Comment 17 Serban Ionica CLA 2020-09-28 08:35:56 EDT
Starting with Eclipse 4.15 I've encountered a lot of exotic crashes and dead-locks in an application I work on. After some digging to isolate the problem I've discovered that a previously working drawing engine was the source of the crashes. More specifically it was drawing a very complex Image off-GUI. When I implemented that engine I had the impression that Image and GC on an Image APIs are thread-agnostic and thread-safe (I'm not sure if this was documented or my conclusion was the result of experimentation).

I guess that removing the Platform.lock() also revealed that these APIs are not thread-safe (as Nikita said, the APIs aren't thread safe, just thread-agnostic).

My question is, how can I ensure thread-safety when drawing with GC on an Image from a non-GUI thread from user code when I can't control what gets called on the GUI thread (in an Eclipse plugin-based application any plugin can use the GUI thread at the same time with my off-GUI thread).

The only way I could achieve the synchronization was to move the code on the GUI thread, losing the benefit of off-GUI drawing.

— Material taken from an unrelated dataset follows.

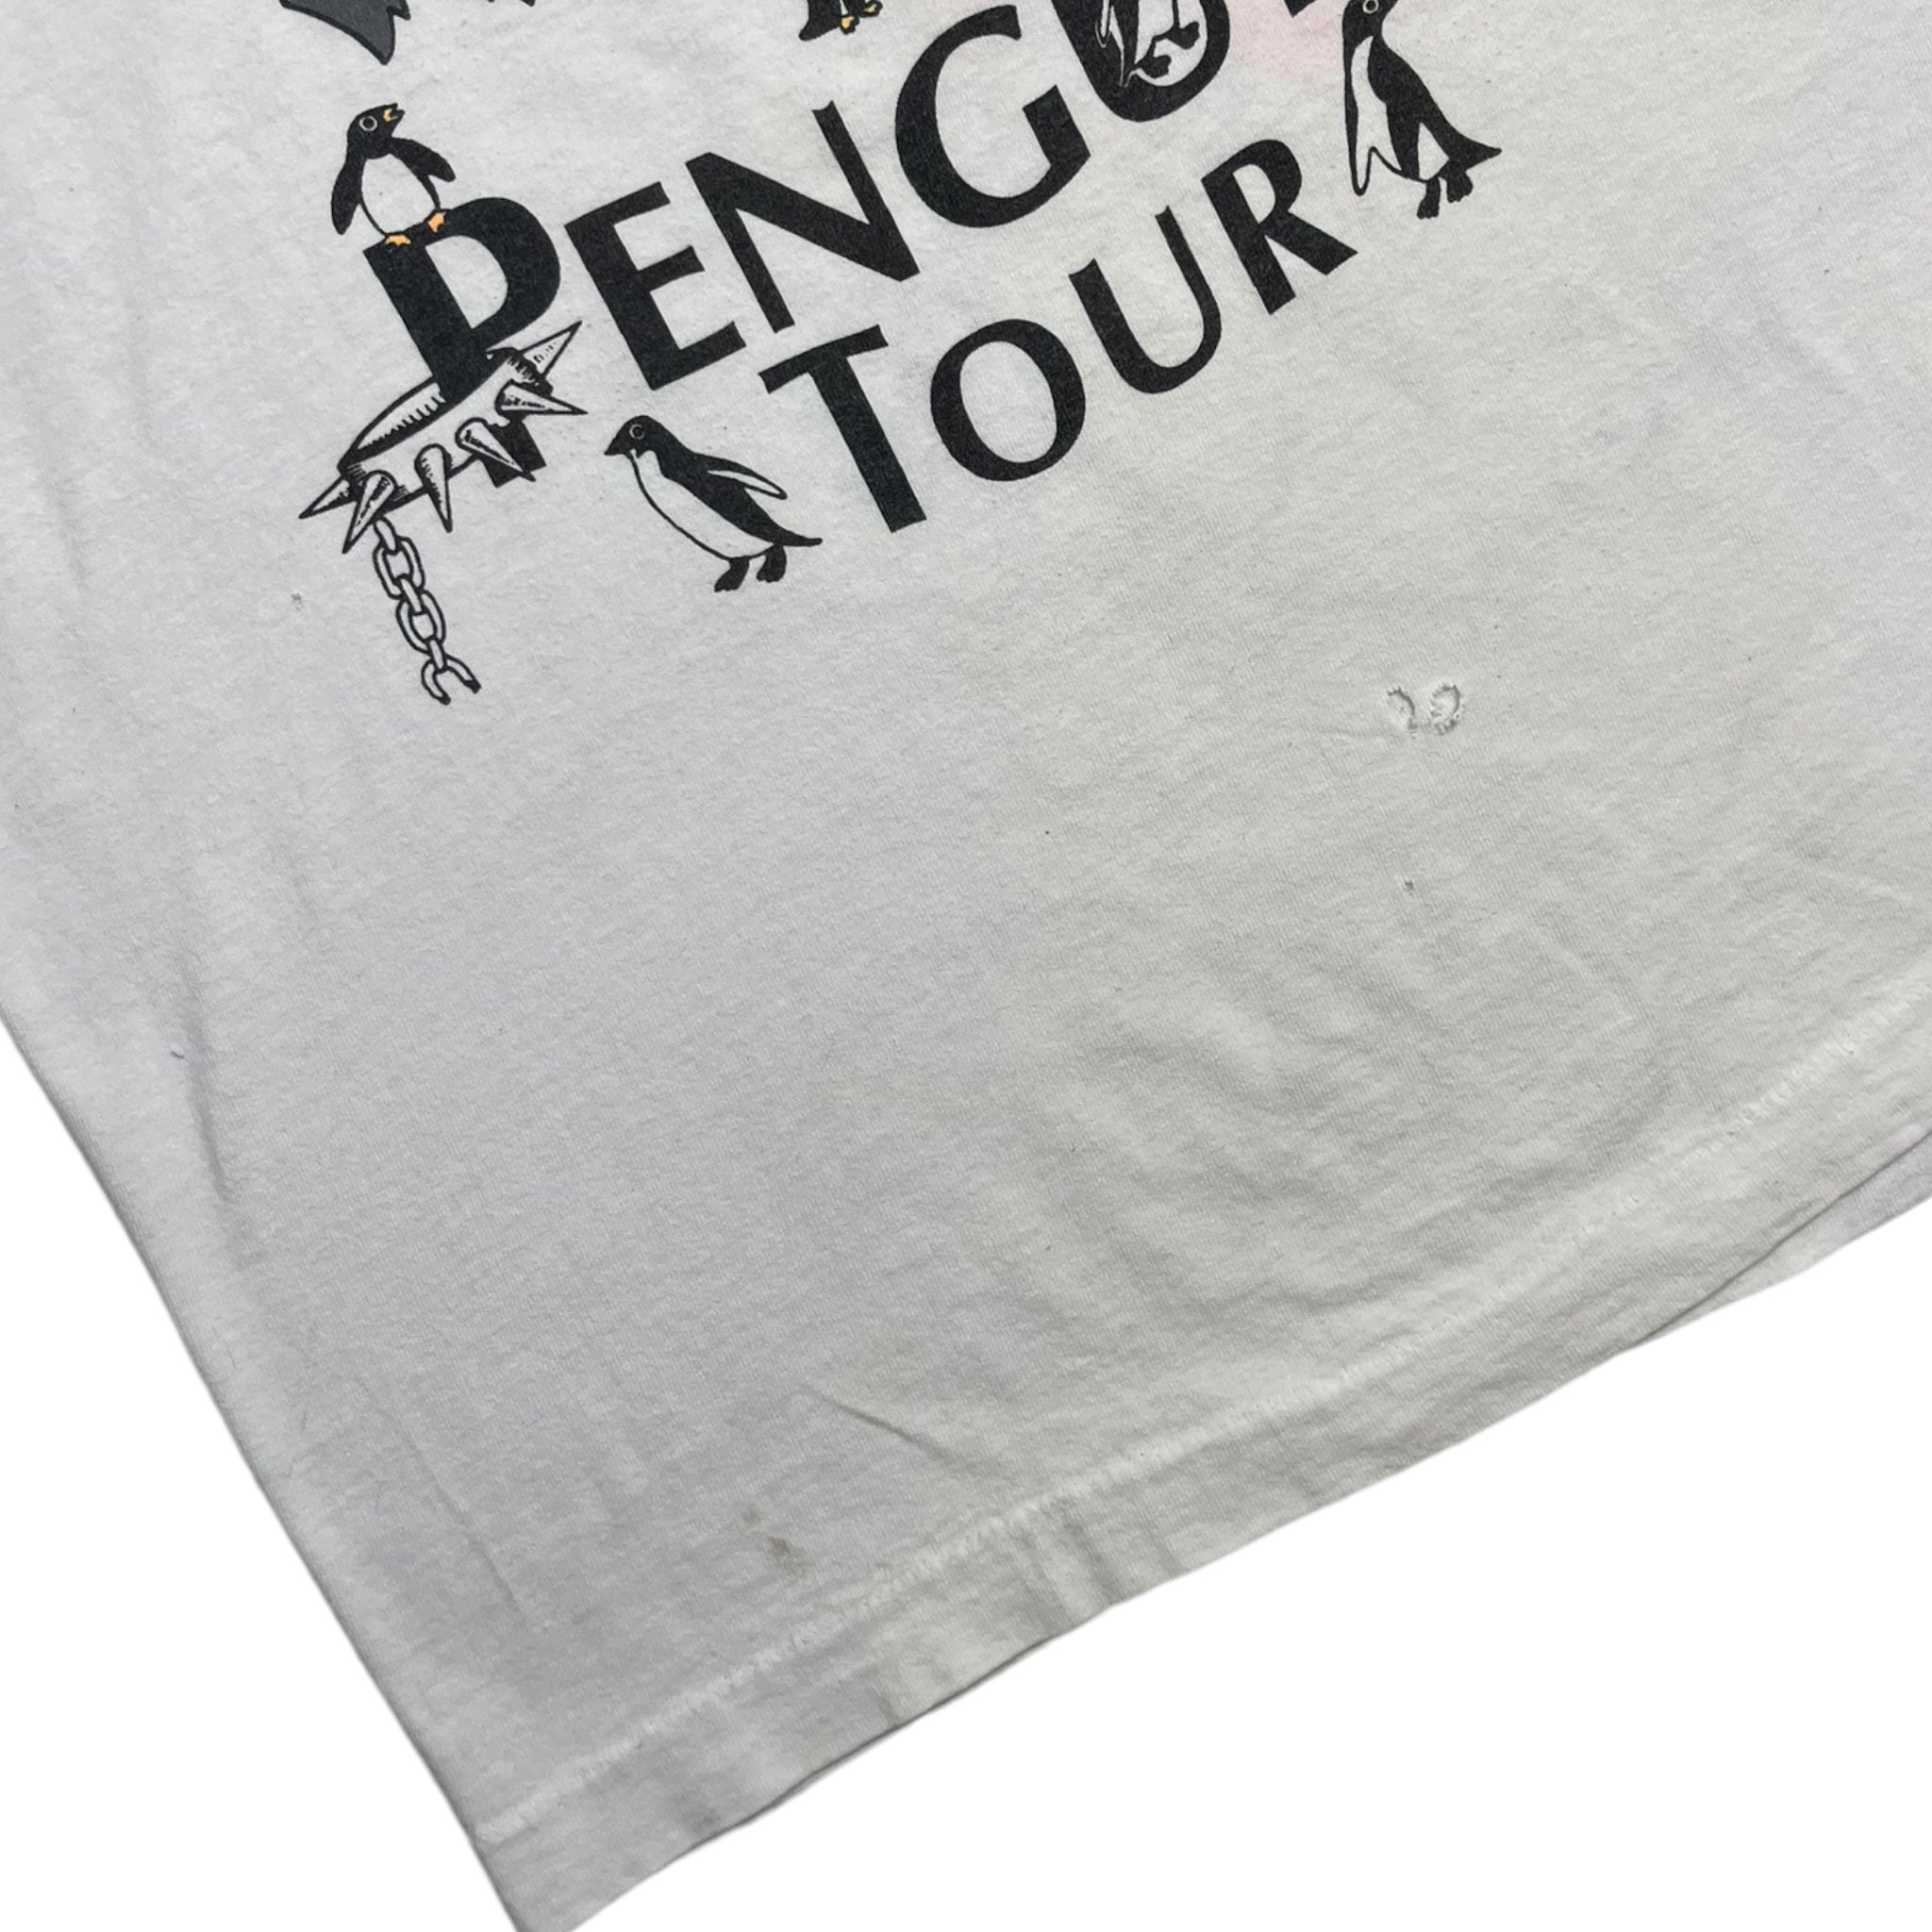 Vintage Gallagher Penguin Tour Shirt - Vicious Malicious Graphic Shirt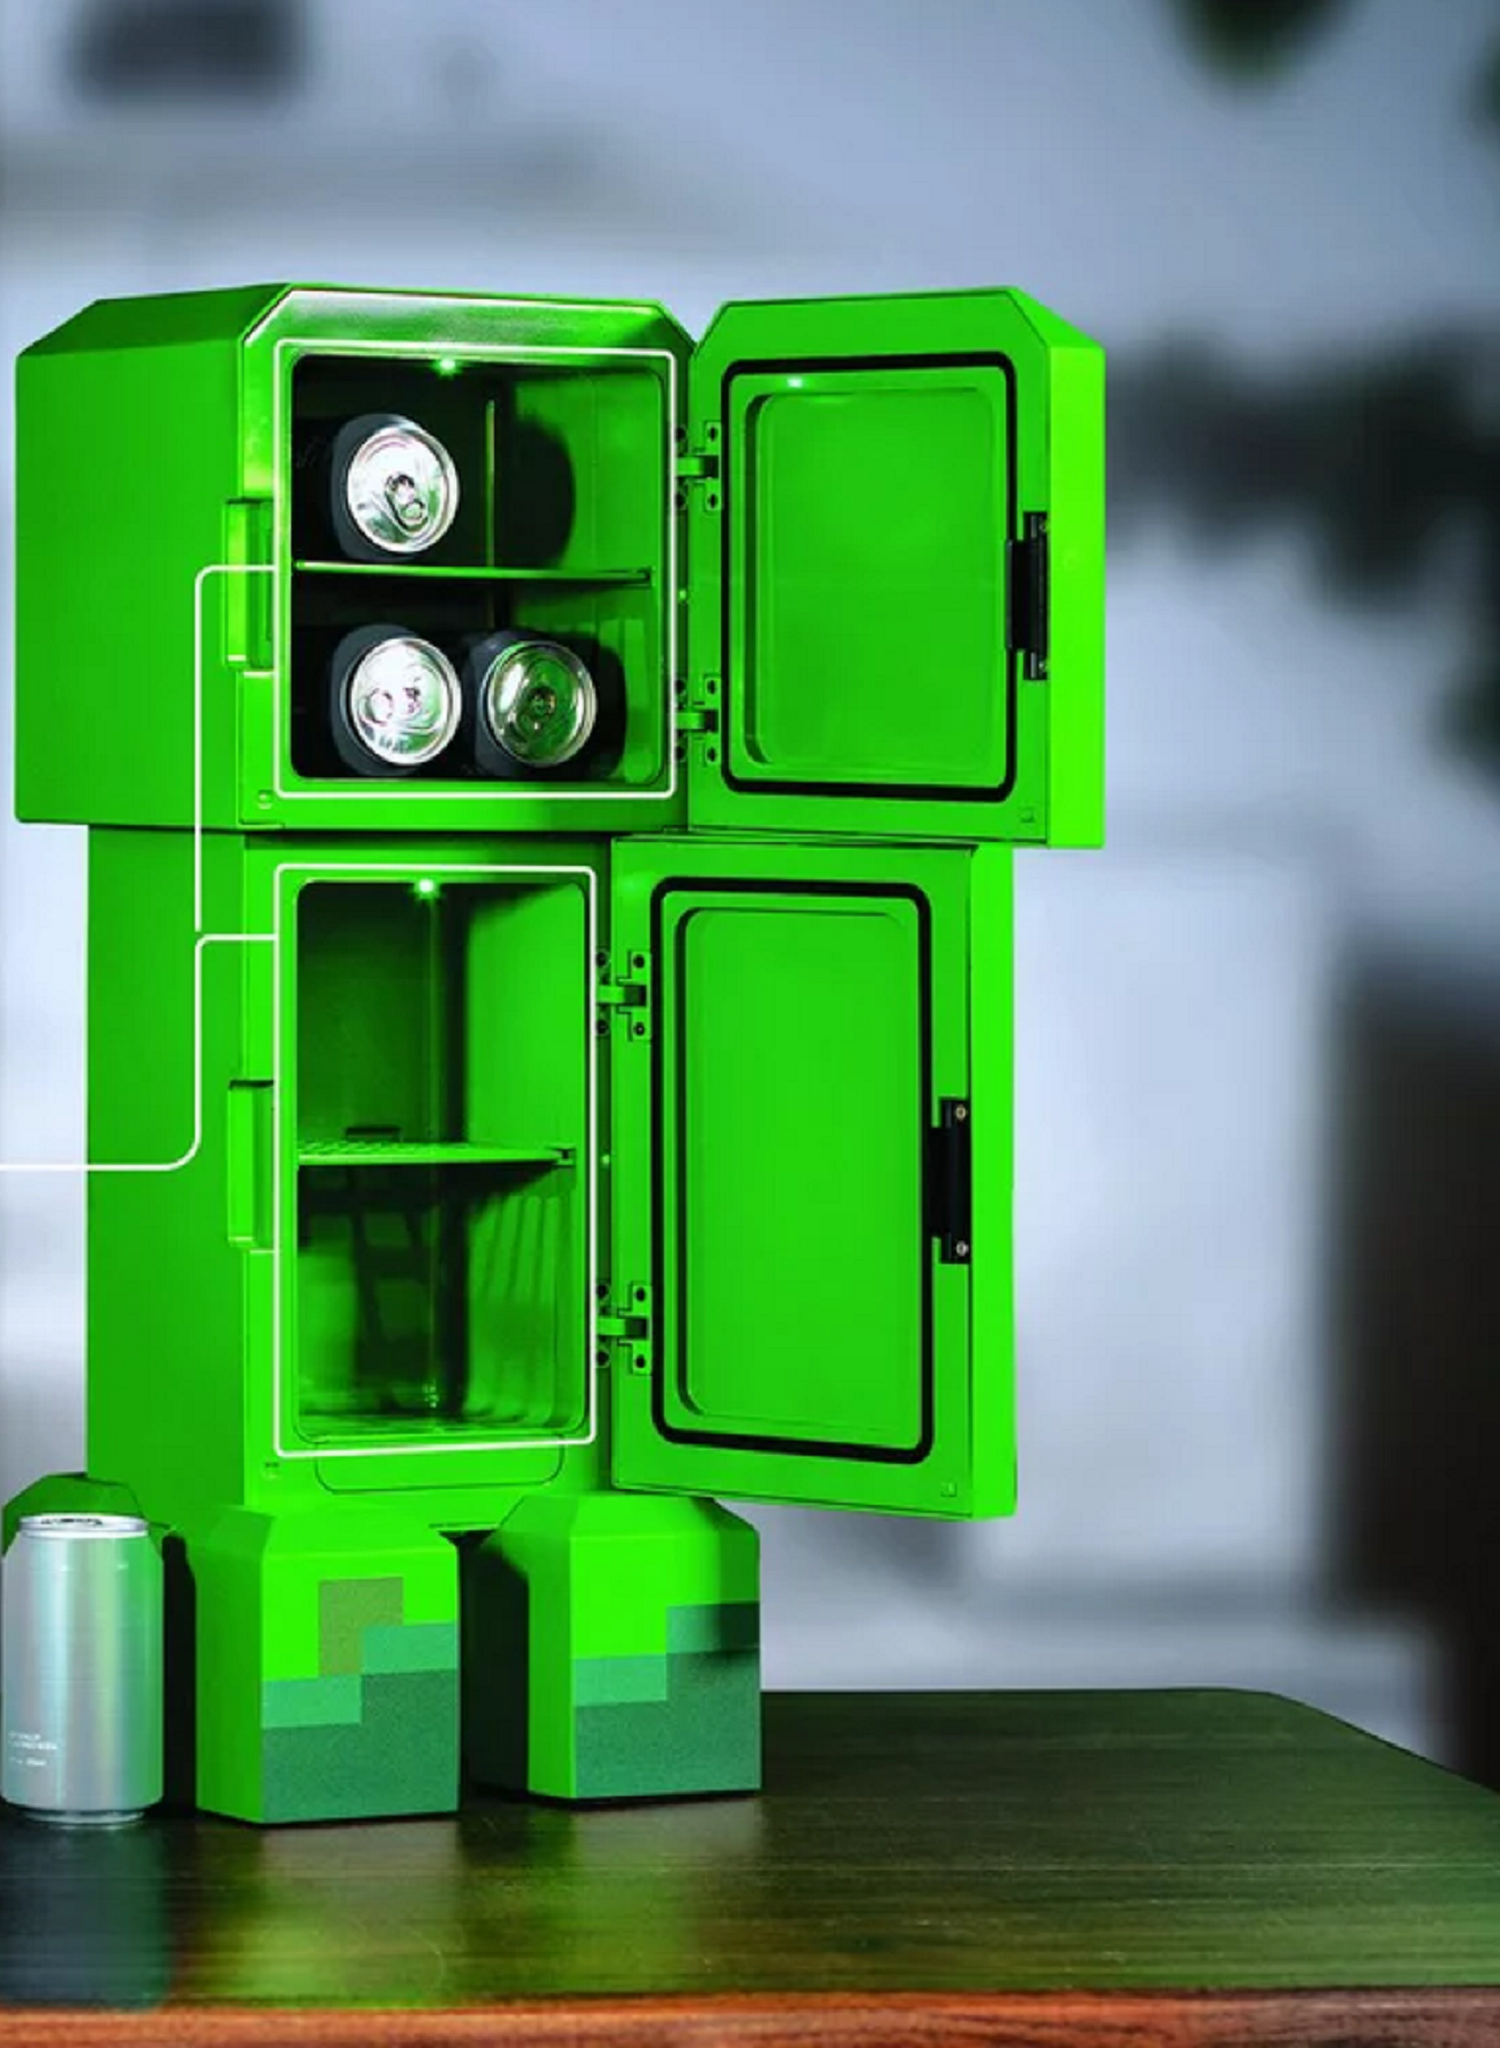 Minecraft Green Creeper Body 12 Can Mini Fridge 8L 2 Door Ambient Lighting 25.2" H 9.5" W 9.1" D - image 3 of 4

Are there any other options I could use?

If there are no other options, wouldn't it be a good idea to guard ALL SWT API with a SWT Exception "Invalid thread access" and just force the user to do everything on the GUI thread?

Finding the root of these crashes was not straightforward, the whole JVM dead-locked or crashed with a wide range of messages, none of them generating a hs_err_* file or something that could lead to the real problem and as any concurrency problem, it never crashed in the same place in the thread's stack.